Soaked the carb overnight, figured out how to put the fuel pump back together and started first pull! Idled a little high but didn't die. I don't know where I'm supposed to set the rich lean needle thing

Correction, dies after a minute and idles way to high.
not sure how to fix the idle, but its dying from the bad fuel pump


----------



## onthewater102 (Jul 24, 2014)

Usually you gently set the mix screw(s) and then back them off ~1 turn and adjust from there with the engine running in a tank. You'll need to fine tune the adjustment with the boat in the water idling in gear. Looking up instructions isn't too hard for most motors.
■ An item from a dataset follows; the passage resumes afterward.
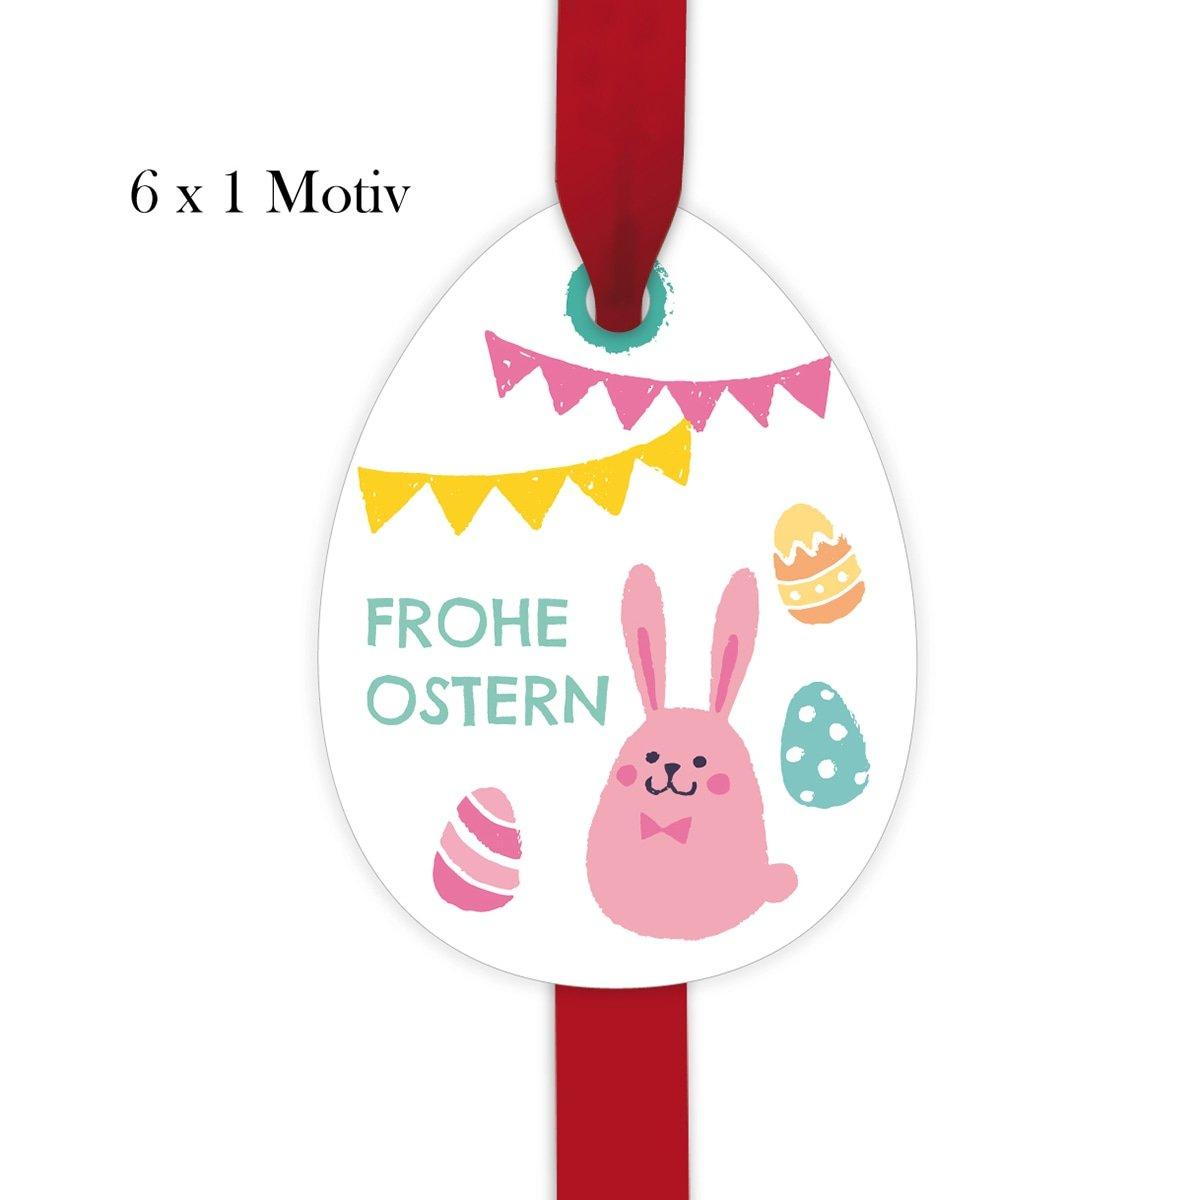 Kartenkaufrausch 60 süße Oster Geschenkanhänger | Deko Geschenkkarten Geschenkkarten Geschenkkarten | Papieranhänger | Etiketten in Osterei Form 10 x 7,5cm mit Osterhäschen: frohe Ostern bdba4c
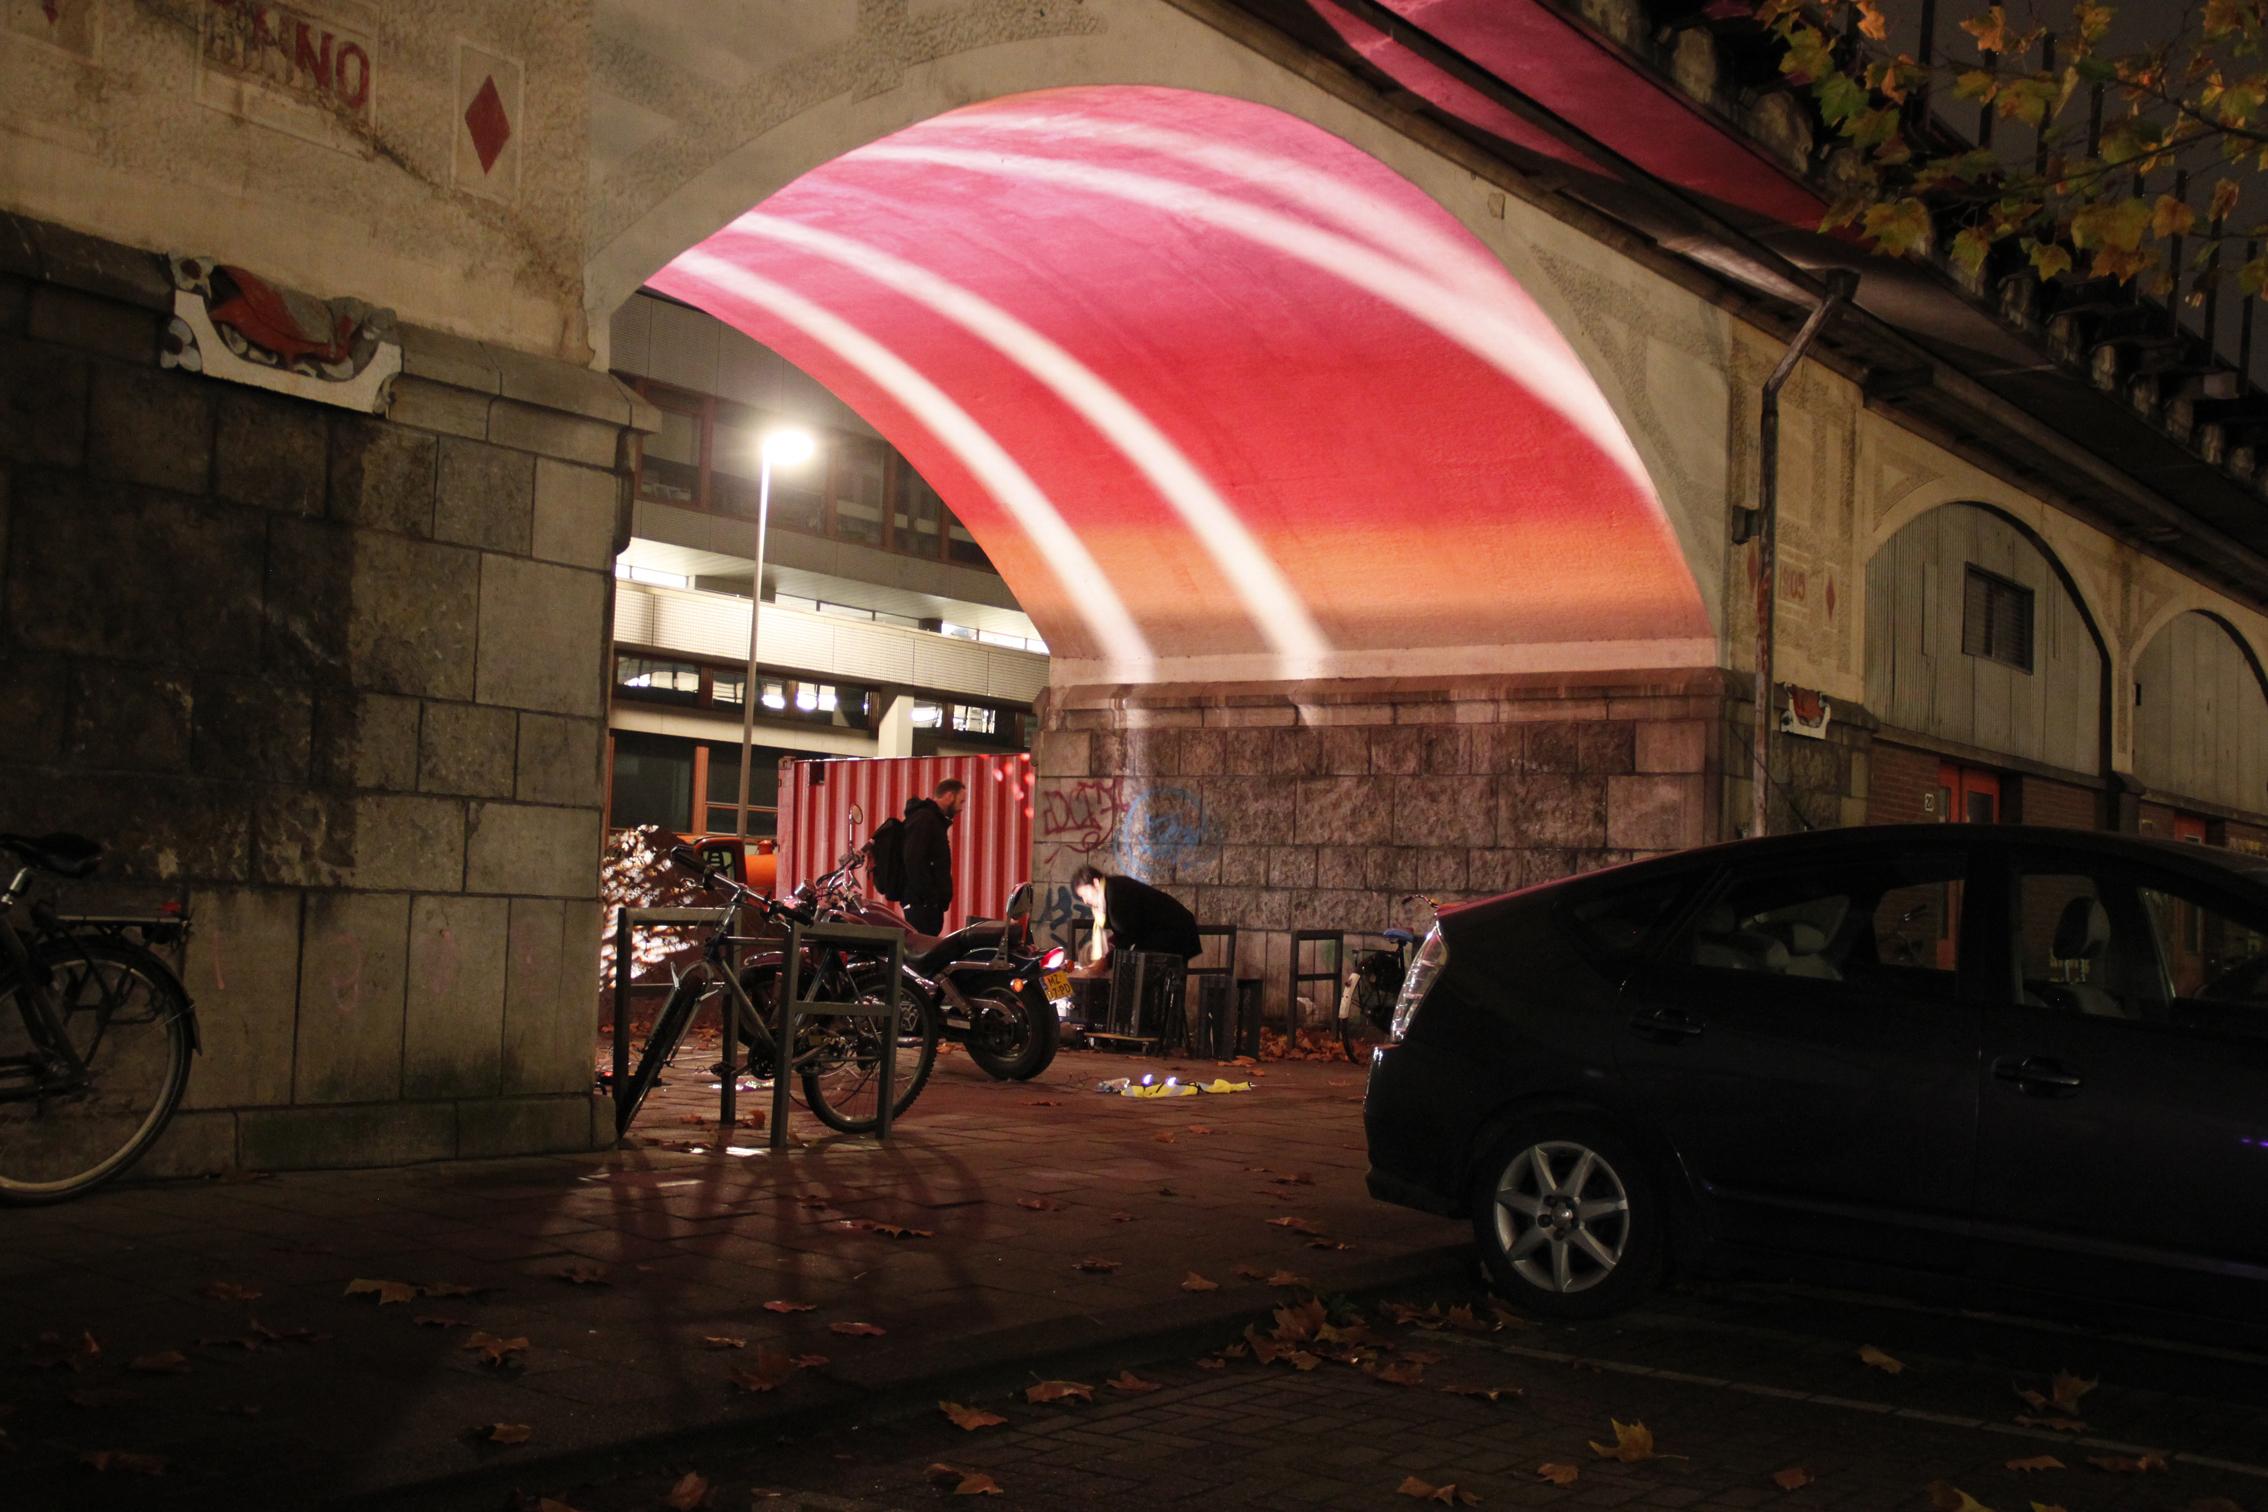 Studio arntzen lighting design hofbogen in rotterdam

As far as the fuel pump - is it just a diaphragm internal? Those are cheap to replace/rebuild if it is (<$10)


----------



## josh870 (Jul 24, 2014)

cheapest pump i could find is $40 on amazon. i figured out the needle, but its definitely idling too high and i dont know how to fix that. and it sputters out when i try to slow it down to shift.


----------



## onthewater102 (Jul 24, 2014)

does your motor have a threaded rod connecting the throttle cable to the throttle plate? it could be that the rod needs adjustment too - that was the issue with mine


----------



## josh870 (Jul 24, 2014)

i think i might have just messed up putting the carb back together. i dont see any way of adjusting anything


----------



## fakirone (Jul 24, 2014)

[url=https://www.tinboats.net/forum/viewtopic.php?p=360321#p360321 said:


> onthewater102 » 21 Jul 2014, 10:02[/url]"]RULE #1 of buying used motors ALWAYS REPLACE THE IMPELLER AND LOWER UNIT OIL
> 
> 
> 
> ...


Yup, that was me. I even knew better. Would up spending almost $300 in parts and about a weeks worth of nights fixing the damage... and honestly I was lucky, no piston or cylinder damage. OR I could have replaced the impeller before running on the river (which I had to do anyways once I overheated it) and been done. 
I will NEVER run a motor again without know 100% positive how old the impeller is. Never.


----------



## josh870 (Jul 25, 2014)

Alright the motor starts up so beautifully but it dies when I give it throttle or slow it down


----------



## onthewater102 (Jul 25, 2014)

too rich


----------



## SumDumGuy (Jul 25, 2014)

[url=https://www.tinboats.net/forum/viewtopic.php?p=360957#p360957 said:


> onthewater102 » 25 Jul 2014, 13:51[/url]"]too rich



the share the wealth, bro! :LOL2:


----------



## josh870 (Jul 28, 2014)

i just had the needle too loose so yea it was way too rich. runs fine now, still need a fuel pump though. ordering that tomorrow. this is an awesome little motor, thanks for the help guys!


----------



## David Bartlett (Aug 11, 2014)

Josh,

You can get a repair kit for that pump from Napa, for around $15. The instructions for repair can be found on Leroy's site. Have to take care to be very clean, but I have repaired two different OMC pumps with success.


----------



## josh870 (Aug 11, 2014)

i ordered the pump already 2 weeks ago. along with a rebuild kit for the carb and the motor runs sweeeeet


----------



## Kismet (Aug 11, 2014)

[url=https://www.tinboats.net/forum/viewtopic.php?p=362971#p362971 said:


> josh870 » 17 minutes ago[/url]"]i ordered the pump already 2 weeks ago. along with a rebuild kit for the carb and the motor runs sweeeeet




You maintain that thing and you'll have a motor for life.

Nice work.

Be safe. =D>


----------



## onthewater102 (Aug 12, 2014)

Yup - I've still got my grandfather's '55 Johnson and it runs like a champ


----------



## josh870 (Aug 14, 2014)

thanks. im gonna try to see if this motor will make it another 47 years


----------



## SumDumGuy (Aug 14, 2014)

[url=https://www.tinboats.net/forum/viewtopic.php?p=363300#p363300 said:


> josh870 » 14 Aug 2014, 08:16[/url]"]thanks. im gonna try to see if this motor will make it another 47 years



It's kinda like anything else. If you take care of it and do proper maintenance (and it's not a piece of Chinese crap) it will last a long time.
These motors are cool 'cause they are made in the USA when the USA made stuff and when the USA made stuff it was the best a person could get.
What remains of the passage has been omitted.